§ **PROBLEM DETAILS**:
Your output should be the lines from the one containing "identical-twin-little-girls-in-bikinis-latina-tits-vids" through the last line below, both ends included, exactly as written and free of pictures.

§ **DATA BELOW**:
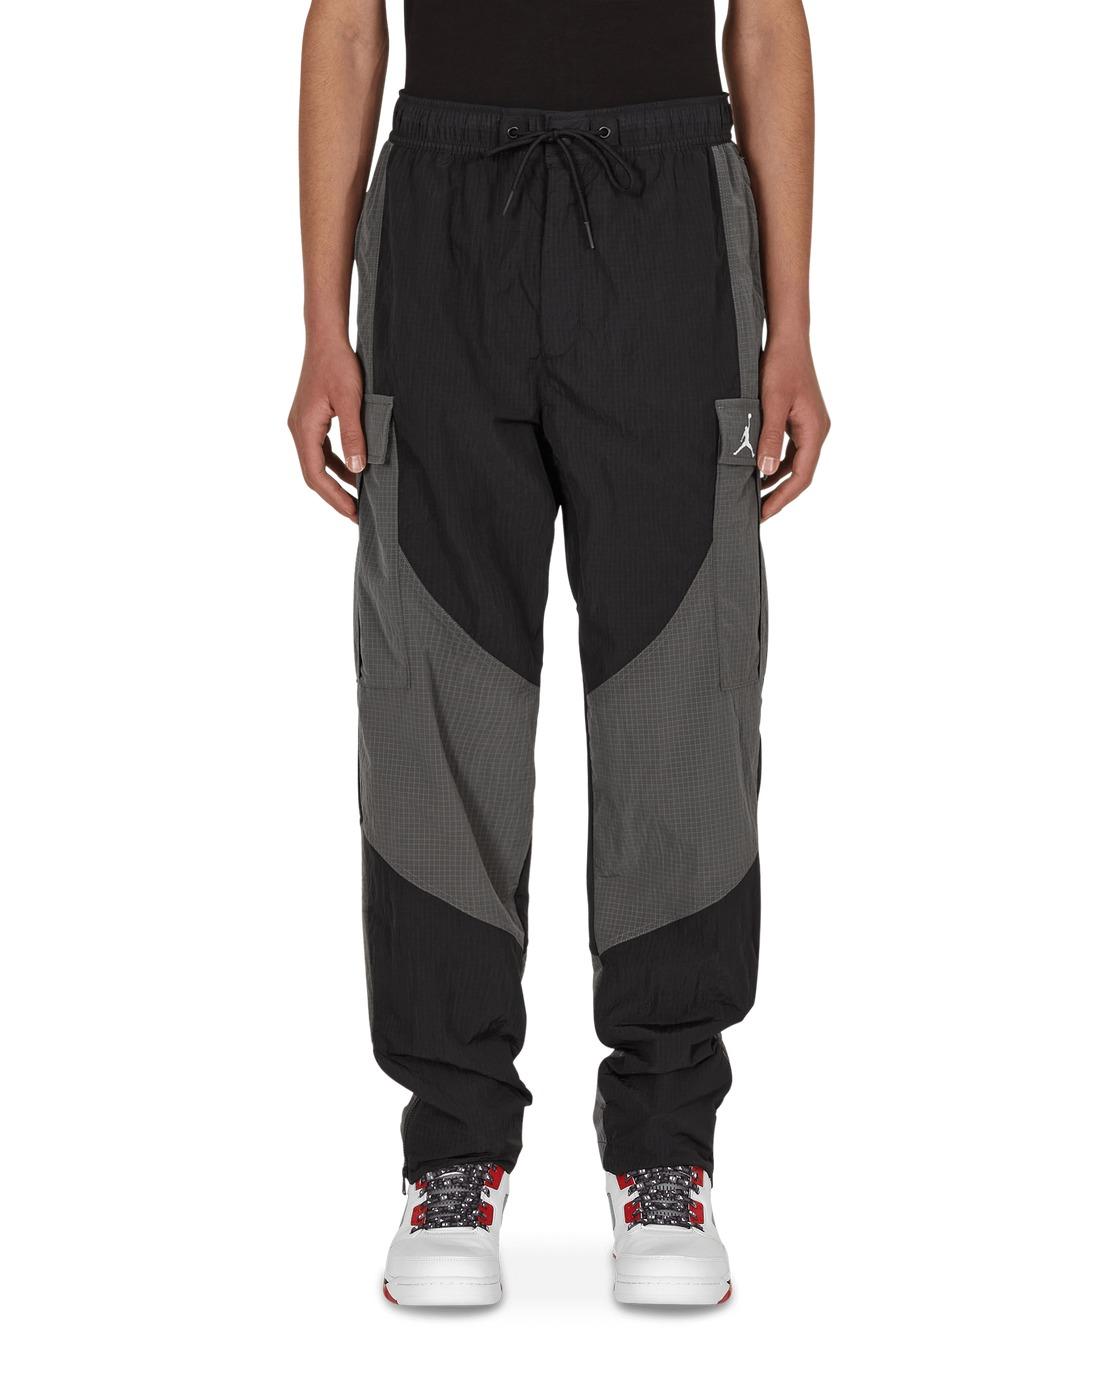 Photo: Nike Jordan 23 Engineered Woven Pants Black/Iron Grey
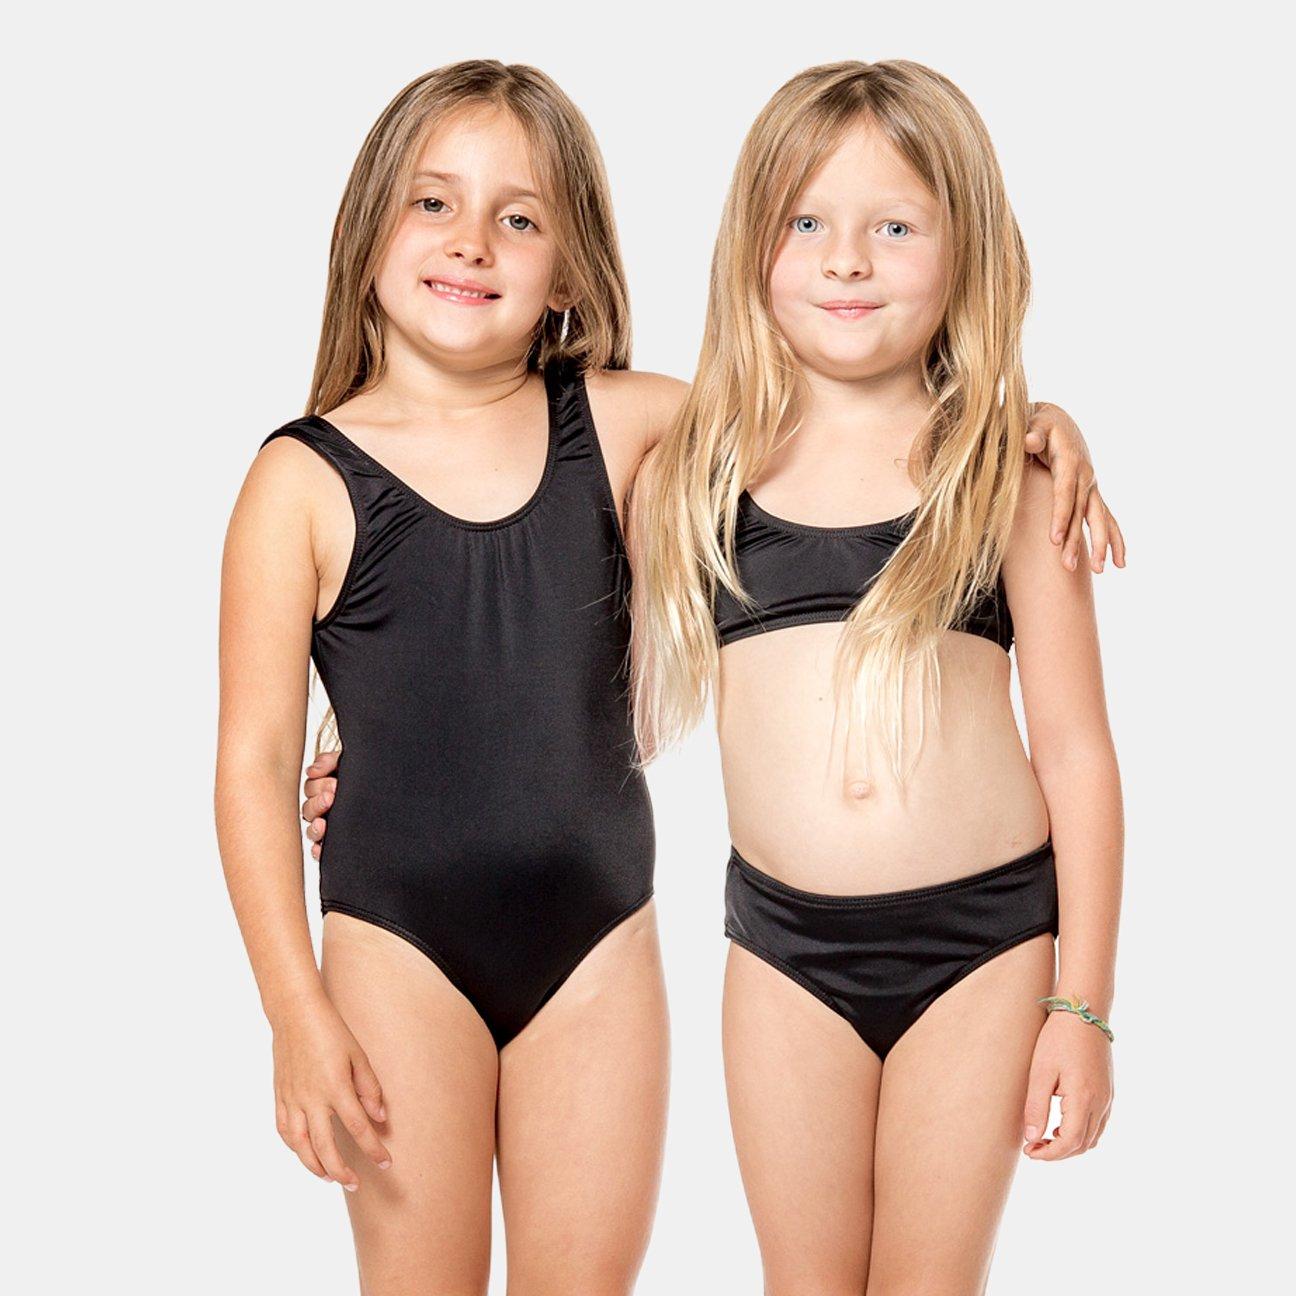 identical-twin-little-girls-in-bikinis-latina-tits-vids
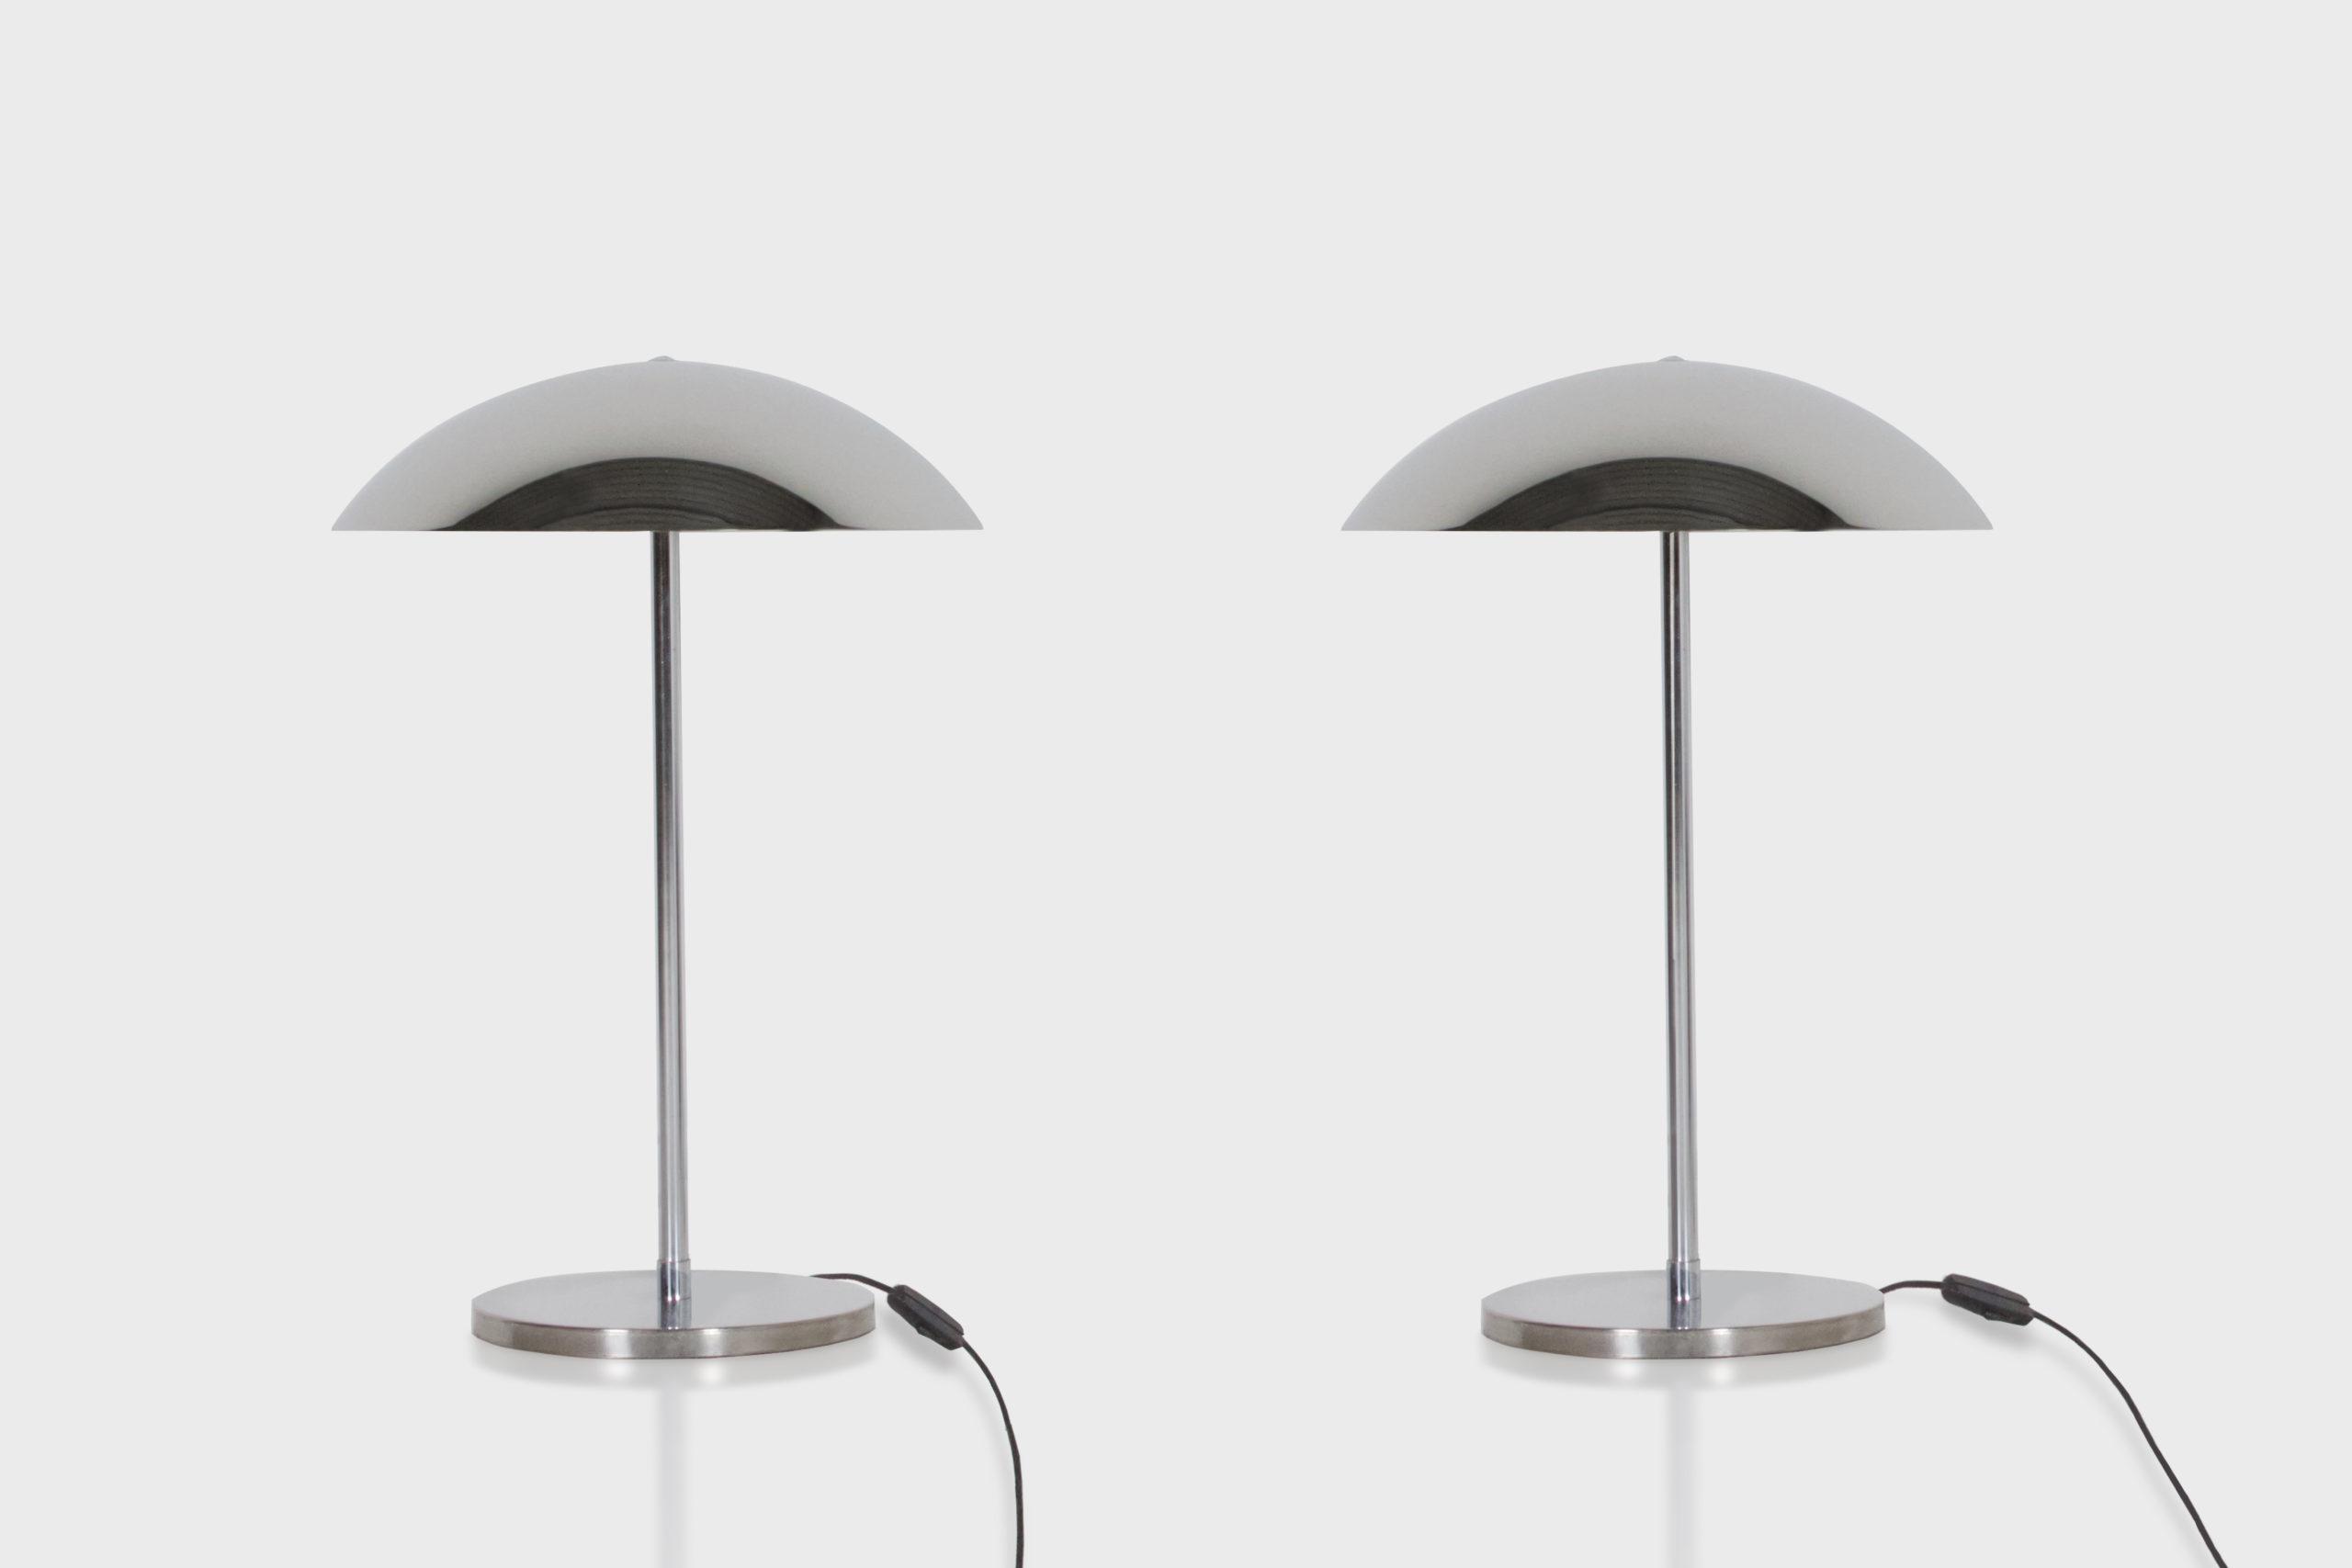 Pair of Elegant Bauhaus Table Lamps by Lumess Studio Cadmium

§ **RESULT OF THE TASK**:
 identical-twin-little-girls-in-bikinis-latina-tits-vids
 Pair of Elegant Bauhaus Table Lamps by Lumess Studio Cadmium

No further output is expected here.